DATA EXTRACT
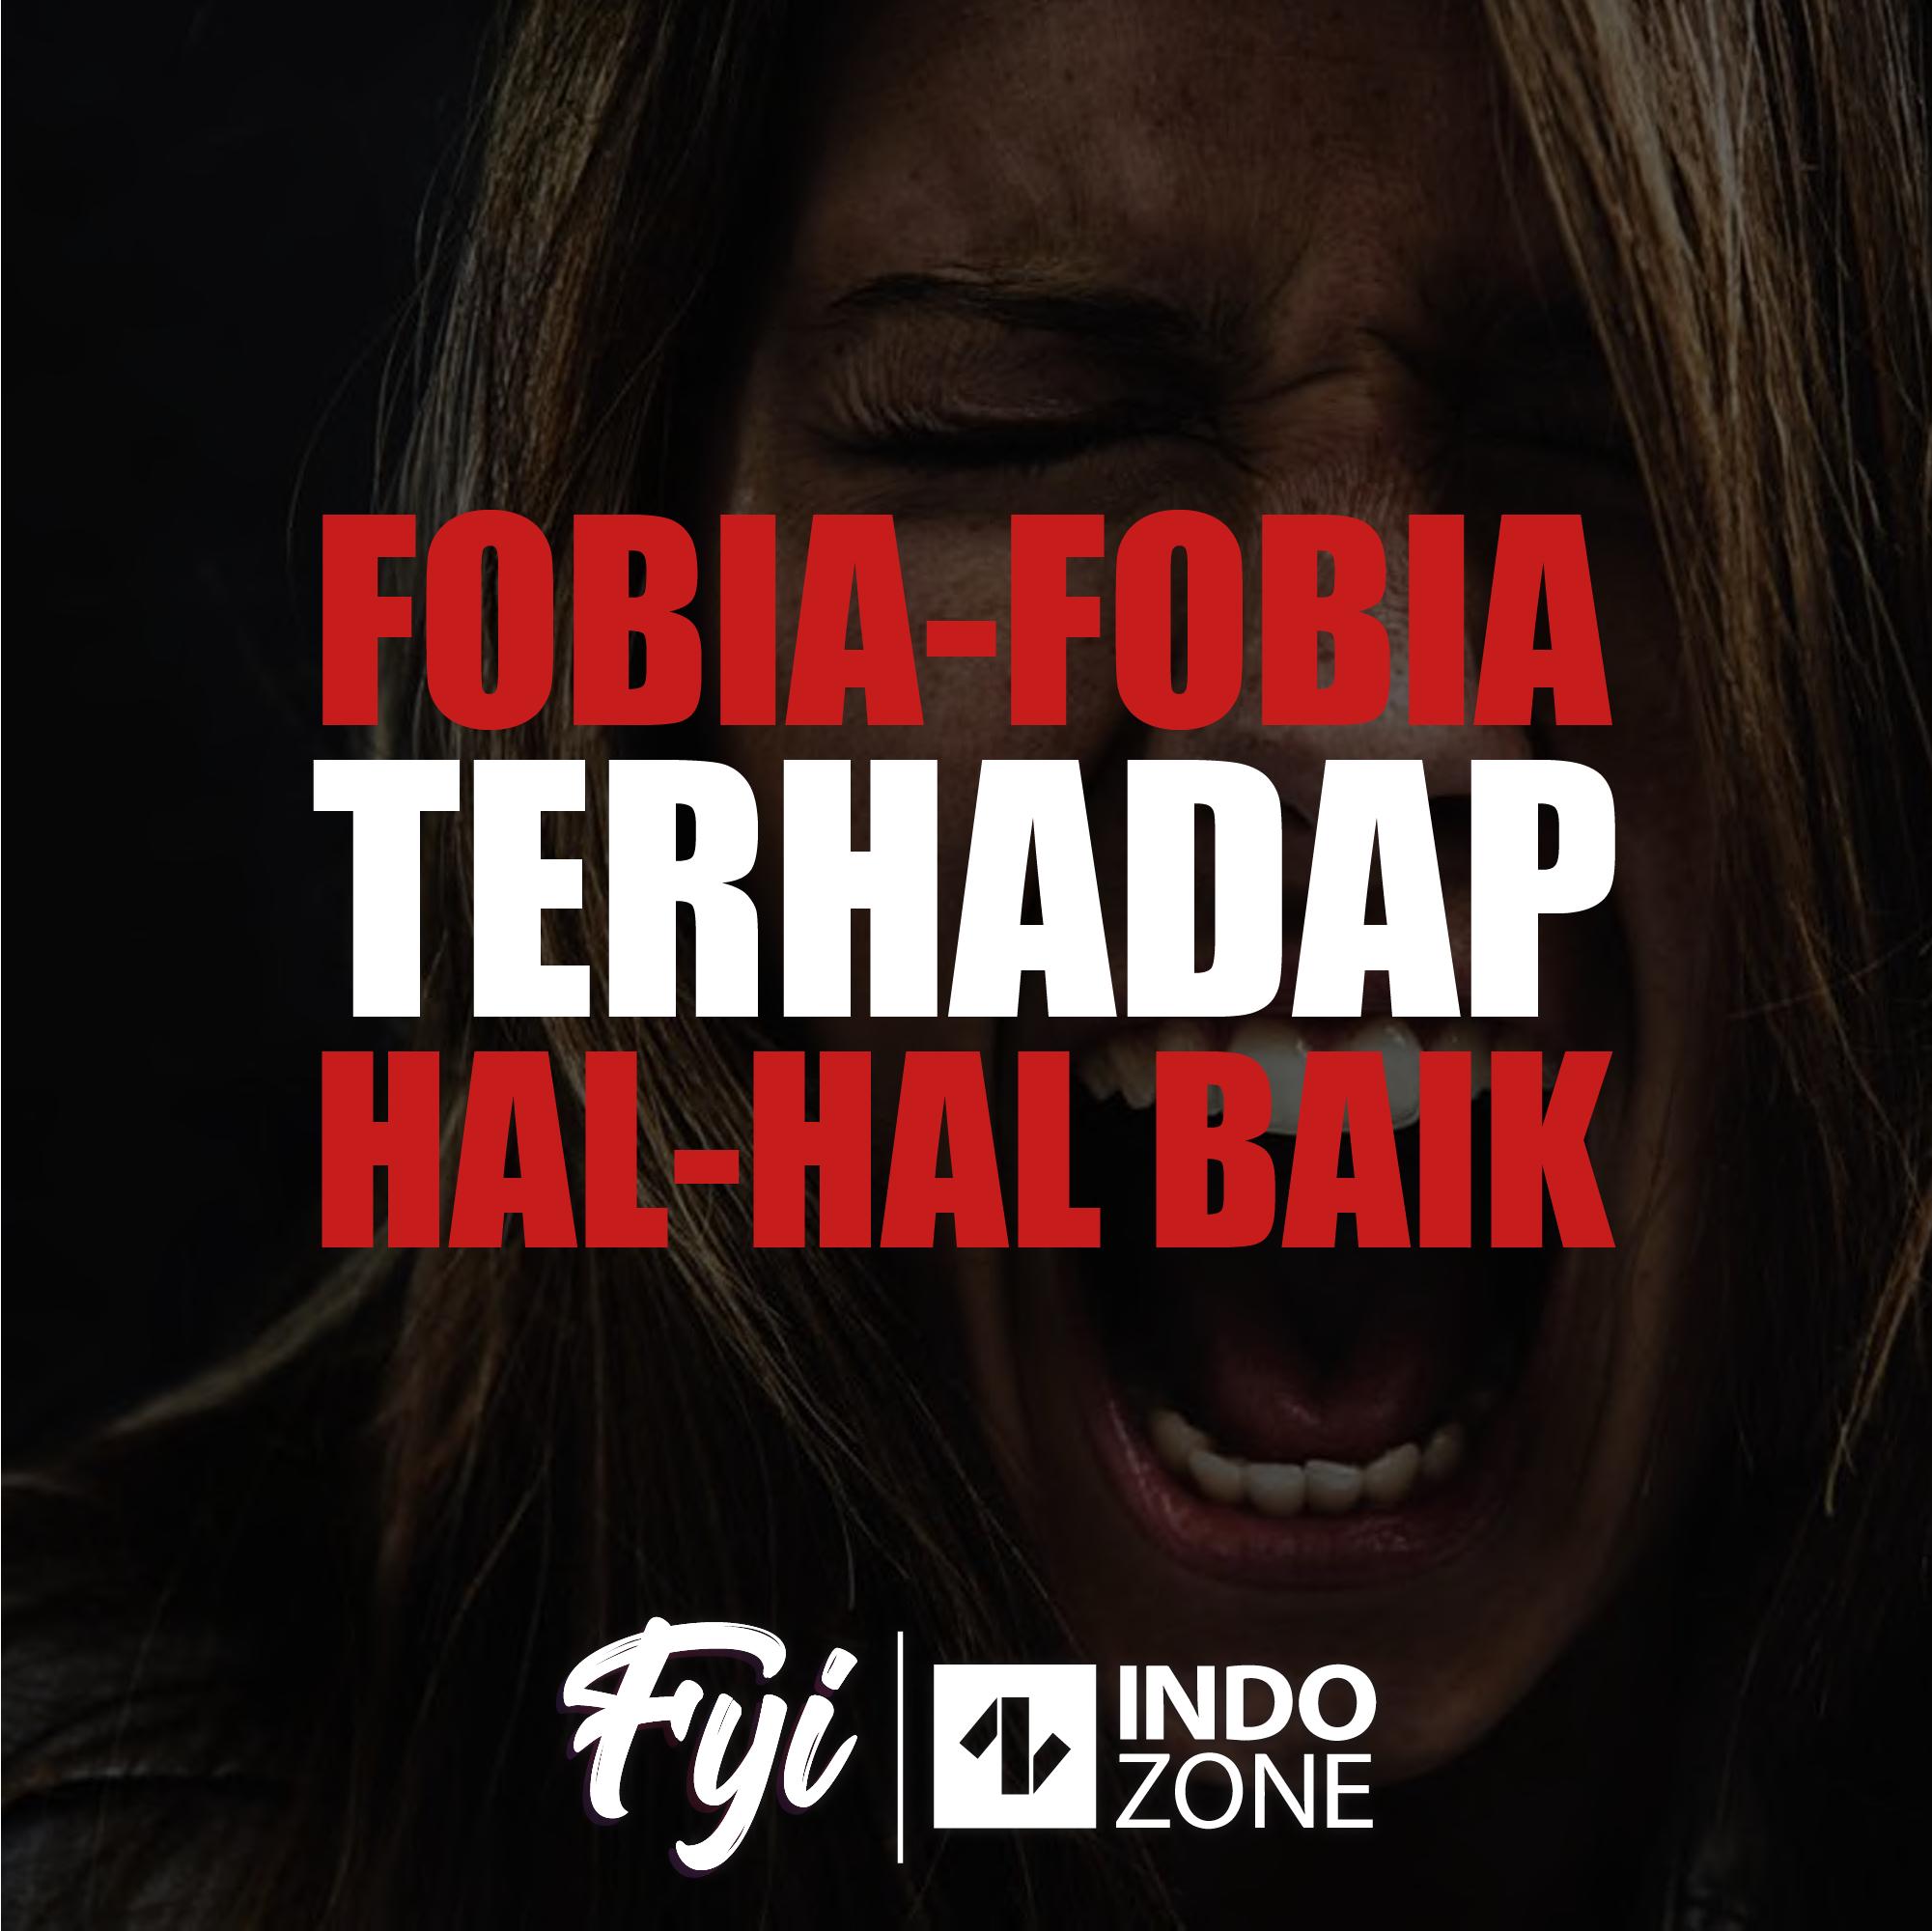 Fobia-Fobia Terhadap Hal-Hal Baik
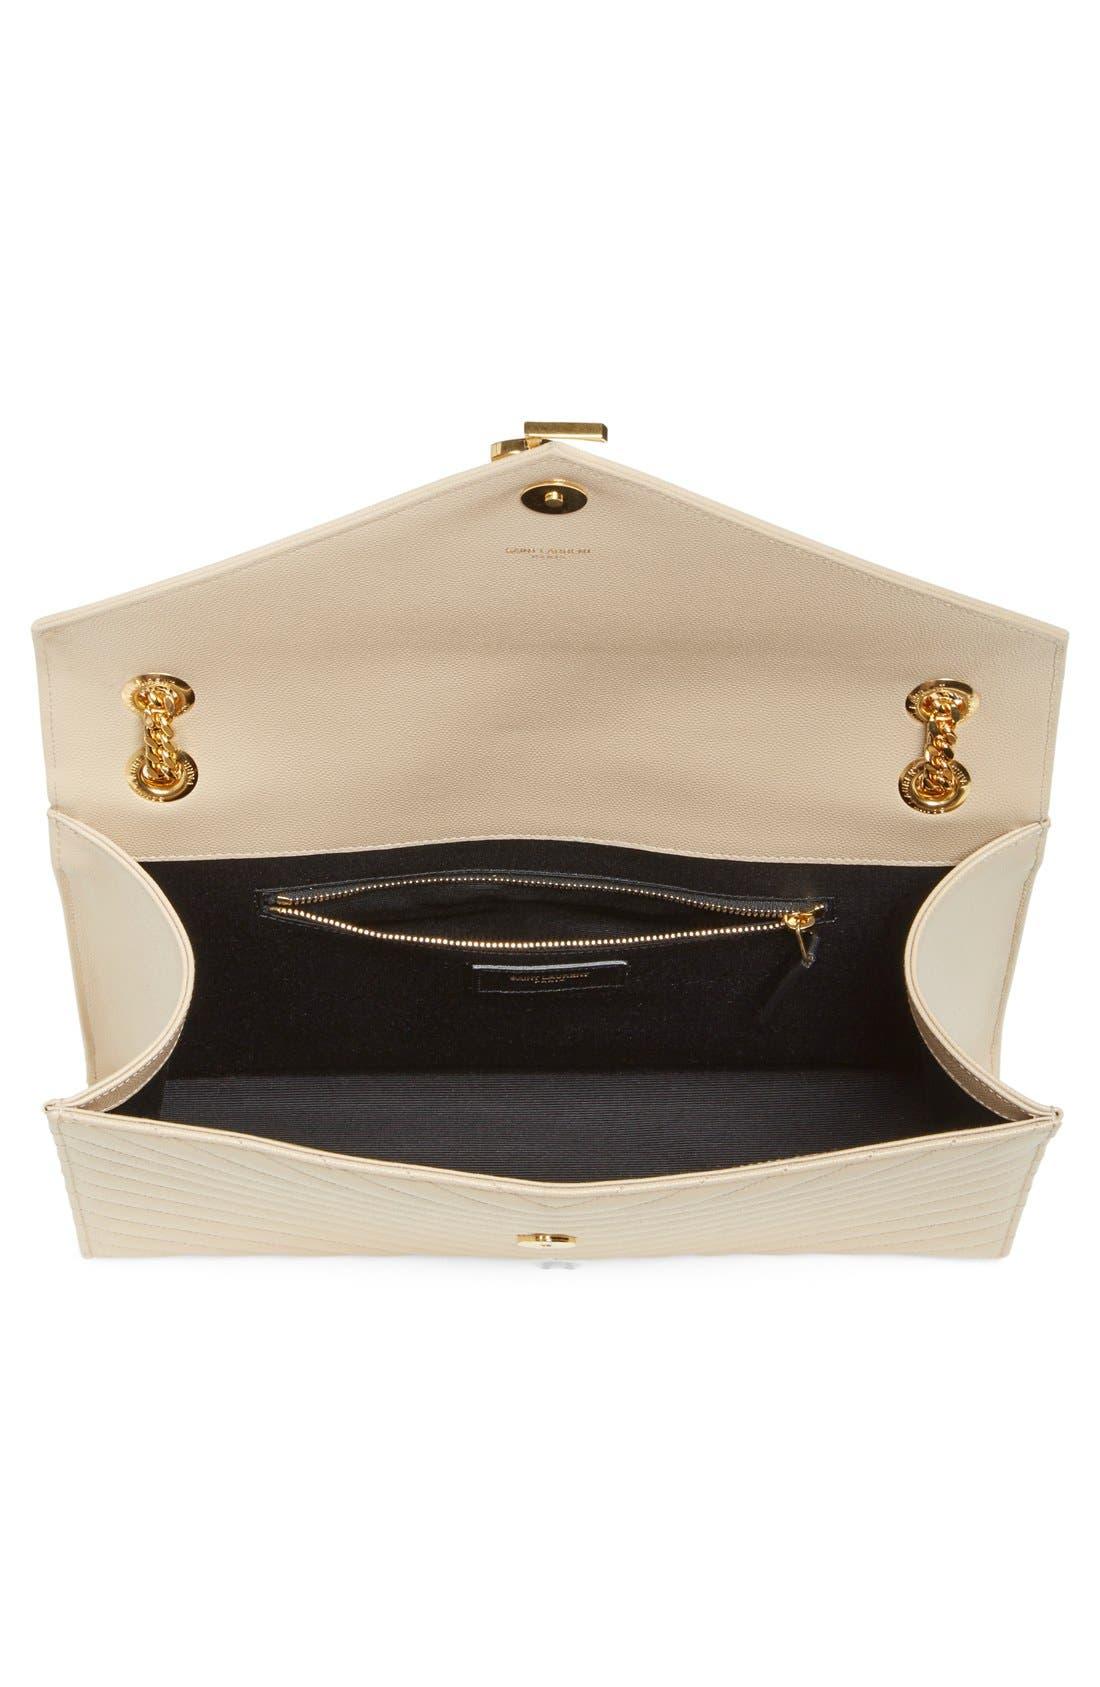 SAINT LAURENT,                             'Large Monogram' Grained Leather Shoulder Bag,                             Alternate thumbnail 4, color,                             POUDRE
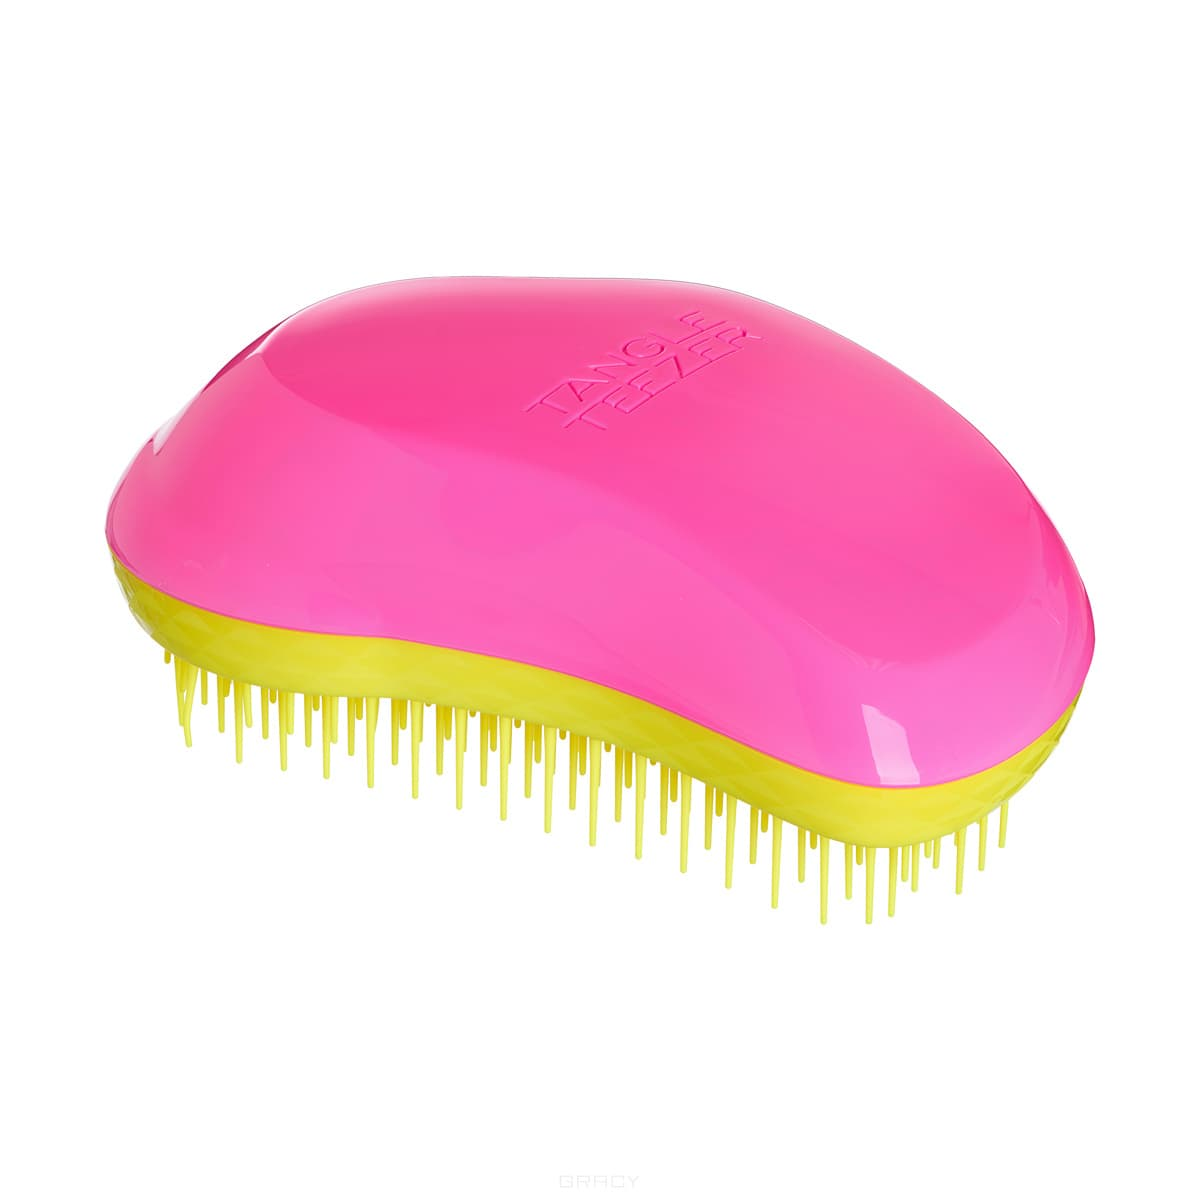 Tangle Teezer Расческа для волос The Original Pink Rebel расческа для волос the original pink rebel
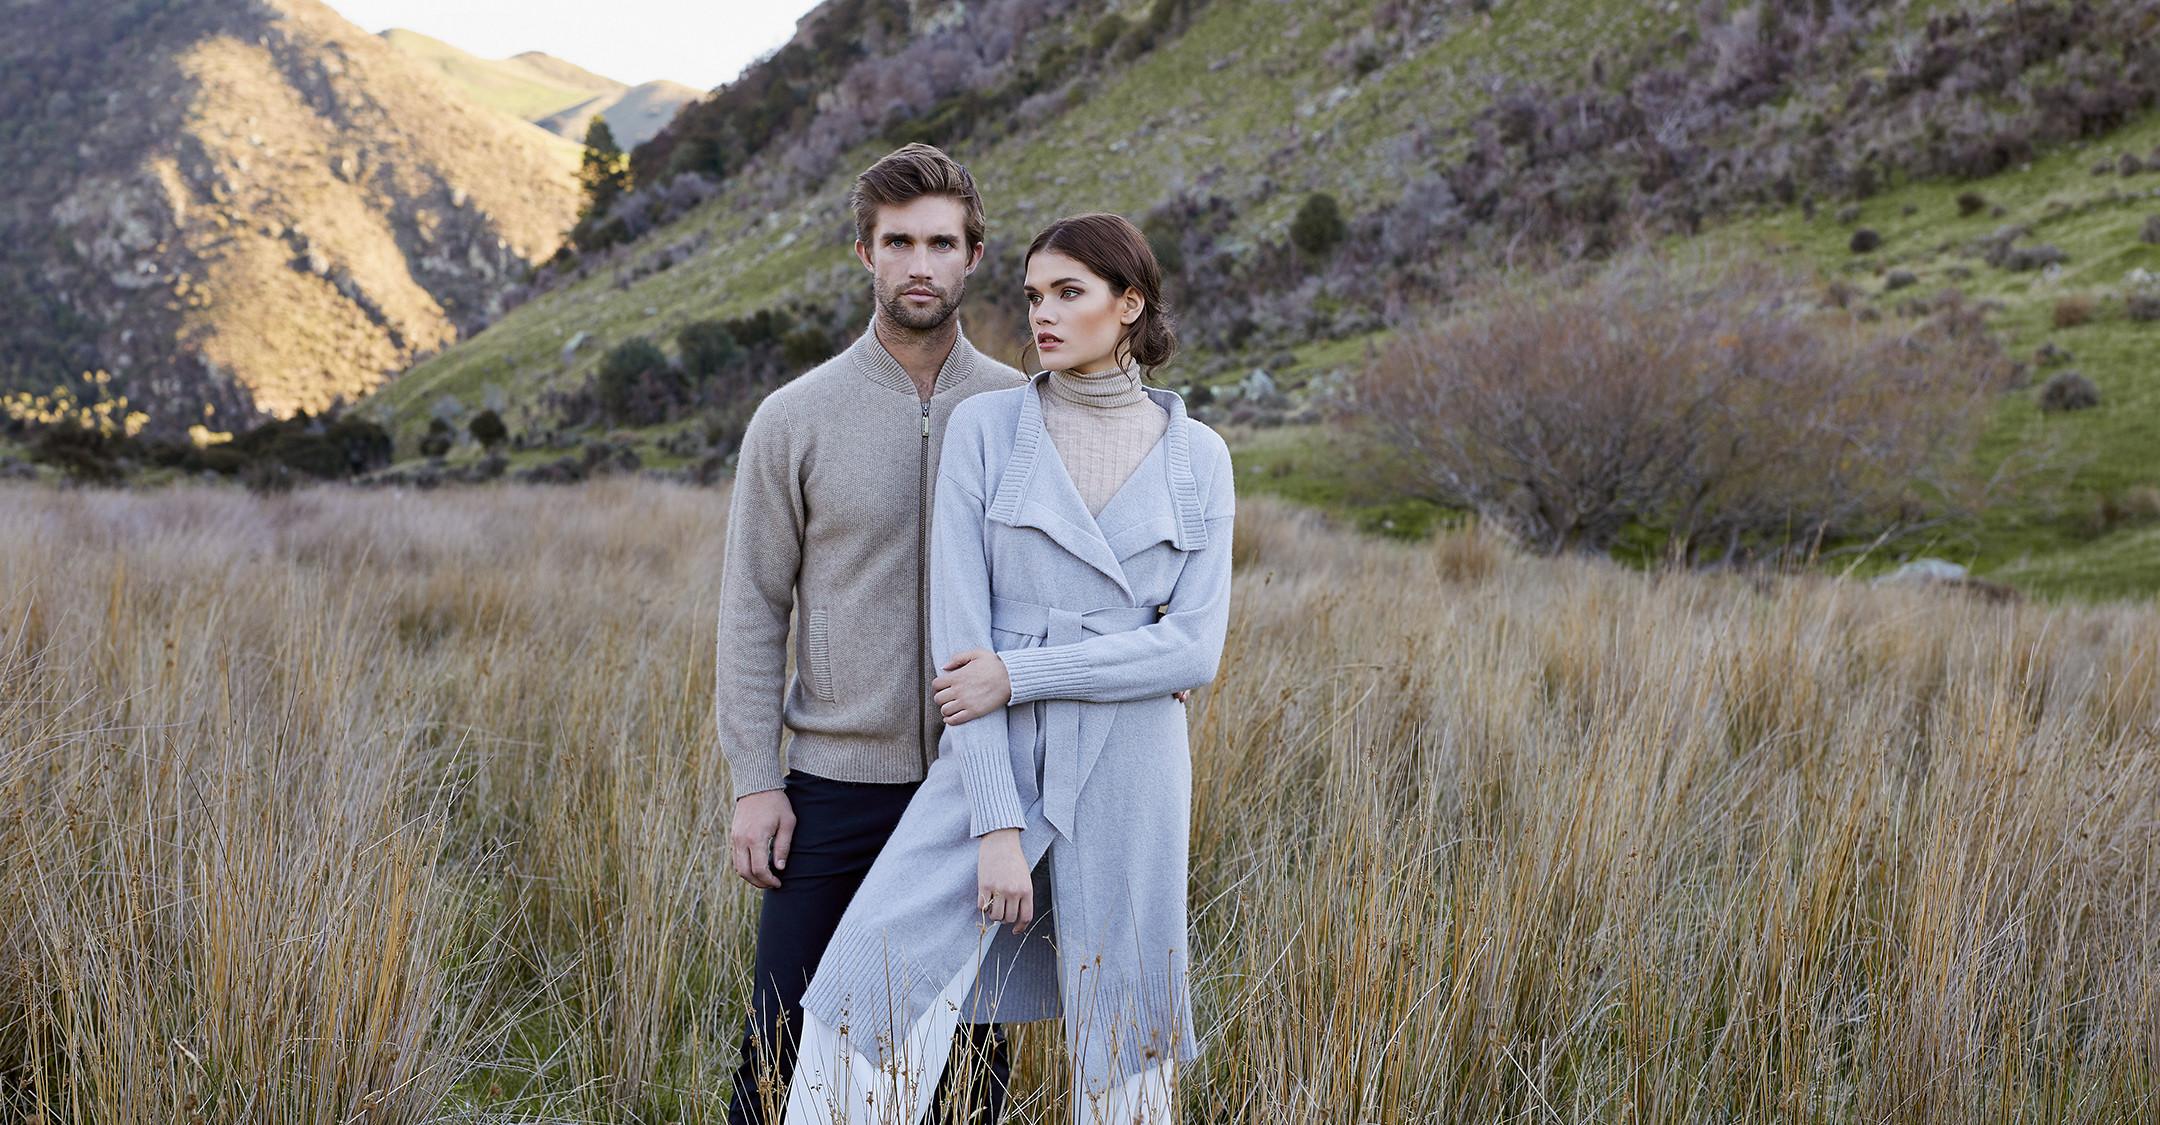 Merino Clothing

TASK INSTRUCTIONS
Everything from the line containing "Tangle Teezer Расческа" to the last line of the listing above is to be written out exactly, except the pictures, and nothing else.

WRITTEN ANSWER
 Tangle Teezer Расческа для волос The Original Pink Rebel расческа для волос the original pink rebel
 Merino Clothing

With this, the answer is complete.